◆ **Task to carry out**
Pictures aside, return every line below exactly as written.

◆ **Given information**
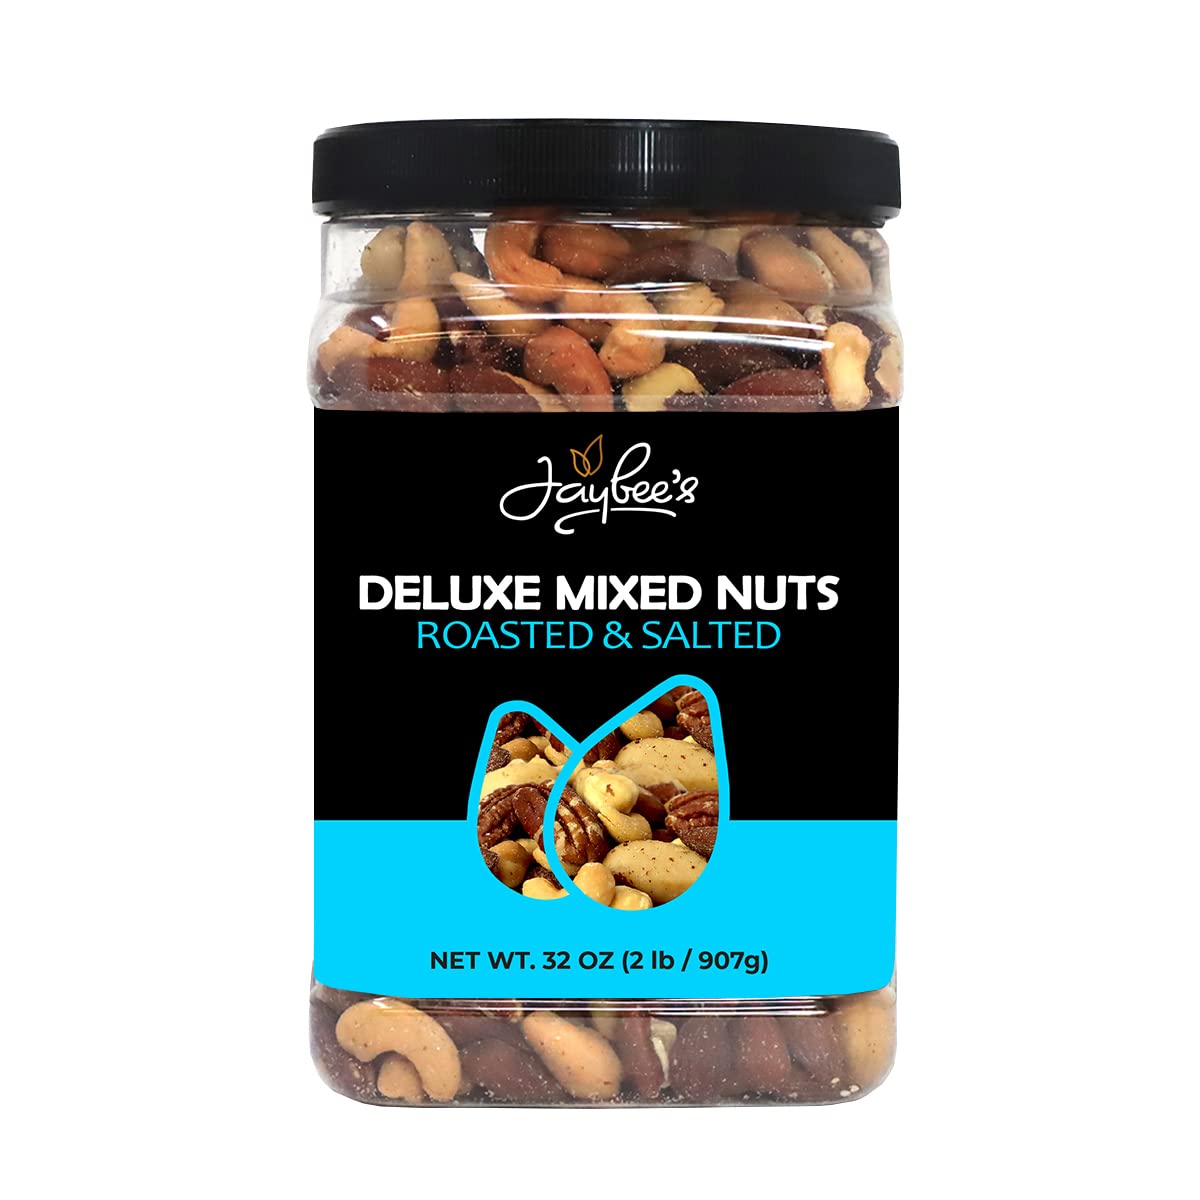 Mixed Nuts Deluxe - Roasted & Salted
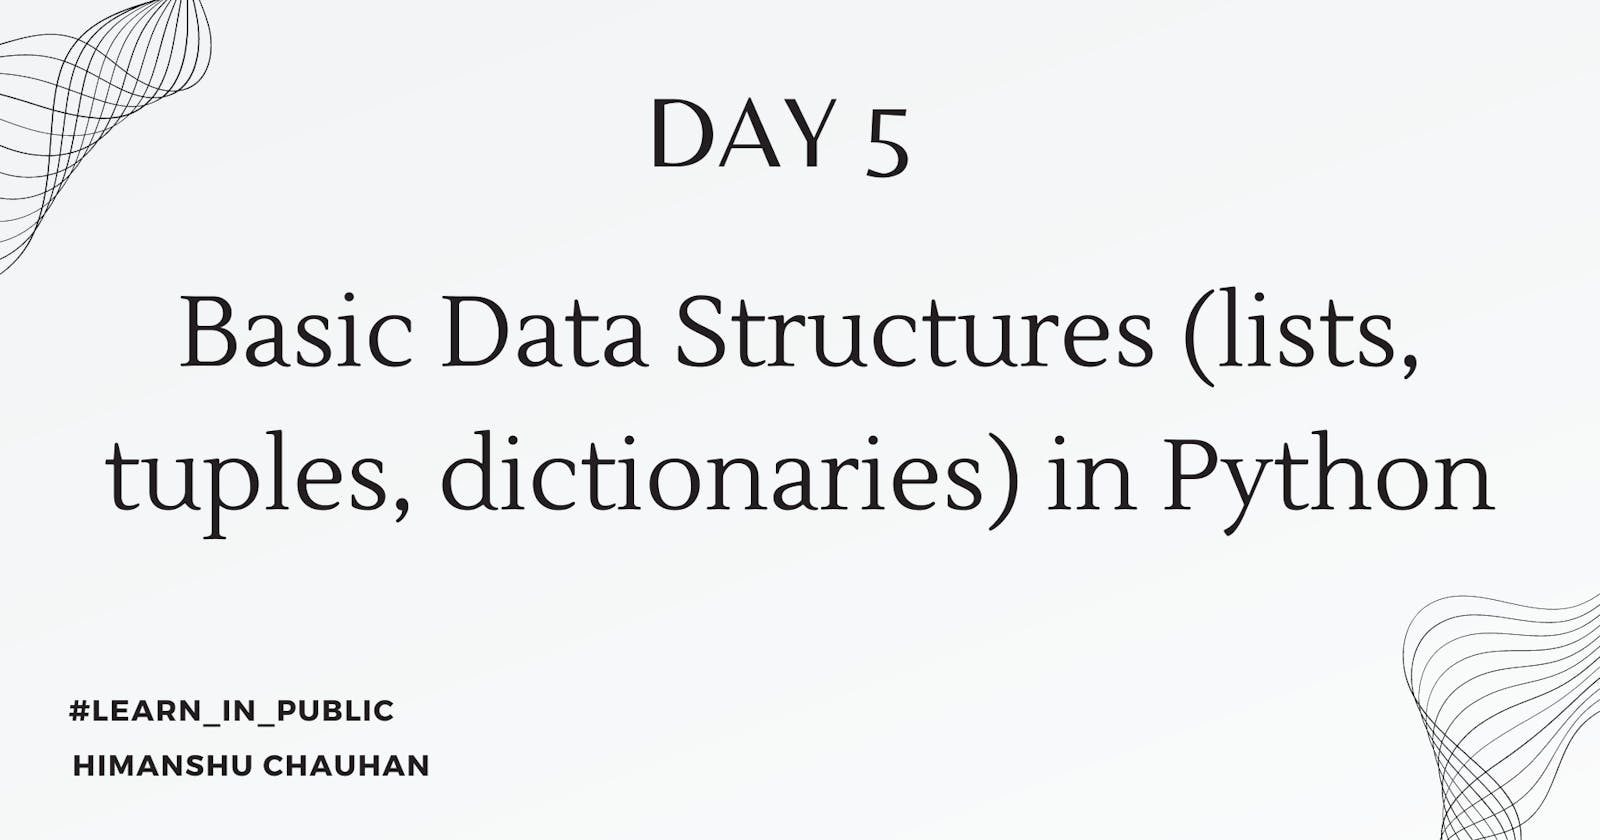 Day 5: Basic Data Structures (lists, tuples, dictionaries) in Python
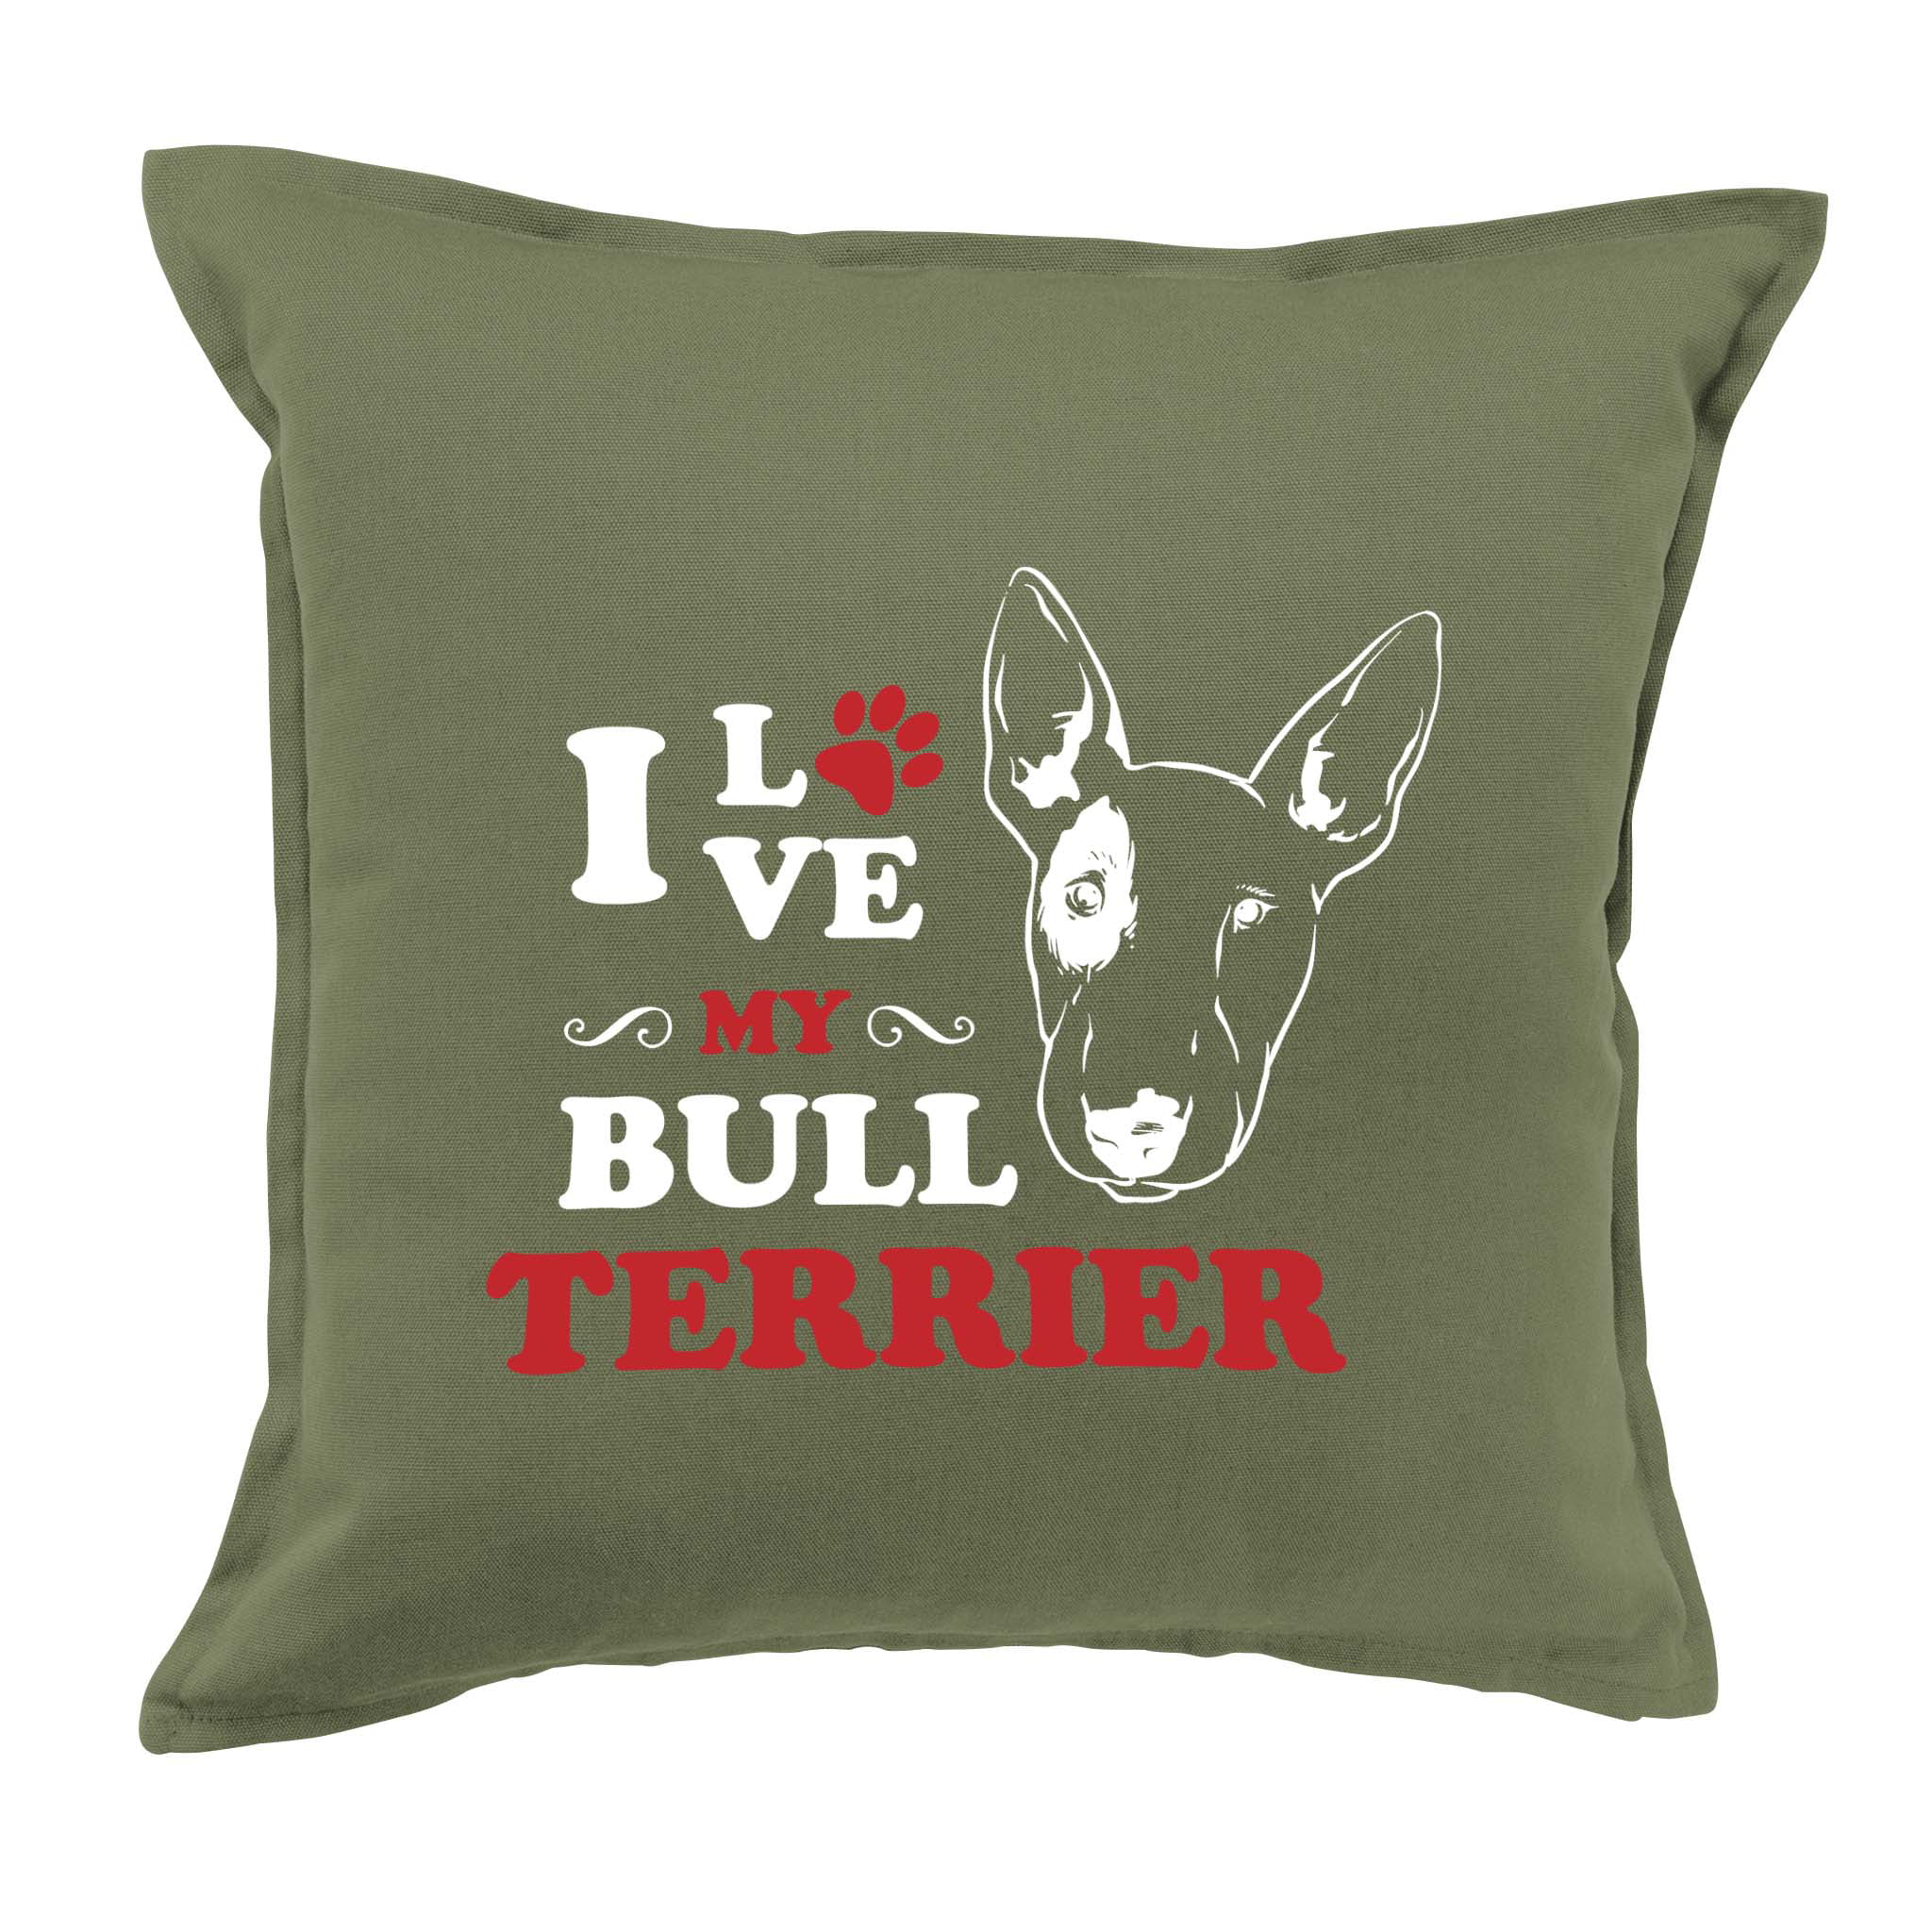 Linen Cotton Rustic Bull Terrier Natural Dog Cushion Cover Case Pillow Home Gift

◆ **Output for this task**
 Mixed Nuts Deluxe - Roasted & Salted
 Day 5: Basic Data Structures (lists, tuples, dictionaries) in Python
 Linen Cotton Rustic Bull Terrier Natural Dog Cushion Cover Case Pillow Home Gift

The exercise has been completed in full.